Anti-Phishing – Several Different Techniques to Combat Phishing

Phishing is a term used to describe the activity through which personal particulars like usernames and passwords and financial information like credit card details are tactfully гидра онион retrieved from unsuspecting Internet users. Unlike hacking where the hacker breaks into a computer system or network and steals information, phishing is most often done with the full cooperation of the victim. This is probably what makes phishing all the more dangerous.

Phishers normally masquerade as trustworthy entities by impersonating popular organizations and websites. They would send a message to thousands of unsuspecting people asking them to confirm their username and password, threatening that their accounts would be terminated if they fail to do so. Most people never check the authenticity of such messages and immediately comply with the request. Especially when the message is written in an authoritative tone, people respond immediately to avoid any disruption in their service. This often forces them into sharing sensitive information which they would otherwise have never shared with anyone else online.

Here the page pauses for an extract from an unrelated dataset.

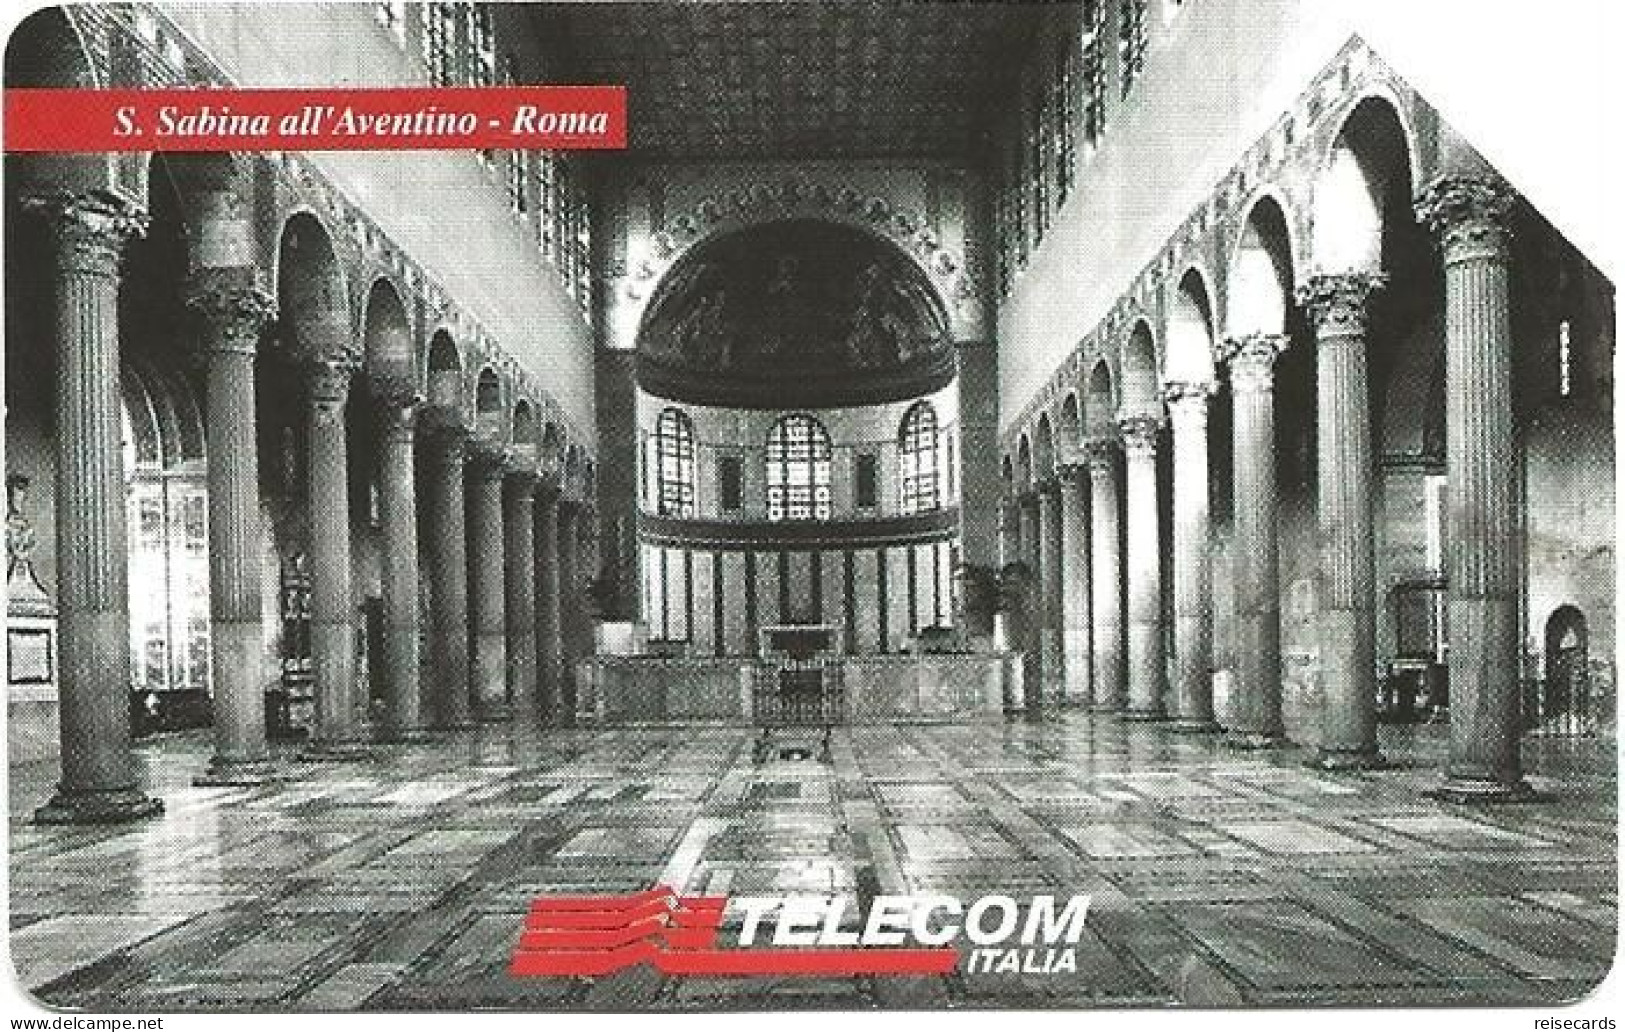 Italy: Telecom Italia - Il Culto Dell'Arte, S. Sabina All'Aventino Roma - Openbare Reclame

The term Phishing was first used in 1996, and is a variant of the word fishing. Just as bait is thrown in fishing to catch unsuspecting fish, Phishers send a message hoping that their victims would be “hooked” by responding to their message. Phishing initially started in the AOL network and then slowly moved to financial institutions as E-Commerce gained popularity.

Anti-Phishing Initiatives

Technological improvements and stricter legislation have been enforced to contain phishing as far as possible. Public awareness is probably the most effective weapon against this menace. Phishing is successful mainly due to the ignorance of the general public. Once they become cautious of these activities, phishing would lose much of its potency. There have indeed been massive efforts to educate the public and make them aware of this online menace. As a result, more people have become aware of phishing threats and are more cautious than they were just a year ago.

Improved browser design has made identifying phishing attempts a little easier. Most of the latest Internet browsers contain anti-phishing capabilities. Internet Explorer 8 for instance displays the domain name in black, and the rest of the URL in grey, making it easy to identify fraudulent URLs. Firefox for its part lets users create their own labels for their favorite sites. If a phisher tries to redirect them to a similar-looking fraudulent site, the browser would immediately warn the user or simply block access to the site. Most browsers also maintain their own lists of known phishing sites which they immediately block if the user tries to go to one of them. Email is another victim of phishing. Fortunately, powerful spam filters are in place these days that identity and block phishing mails from reaching the users’ inbox.

Banks and other prime phishing targets have started using the services of dedicated technology groups which monitor and shut down phishing websites whenever they find them. Individuals and the public can also help by reporting phishing sites to these groups. The U.S. Federal Trade Commission and equivalent bodies in other countries have taken legal action phishing offenders. Anti-Phishing Working Groups like FraudWatch International, PhishTank and Millersmiles publish the latest information on phishing scams to warn the public.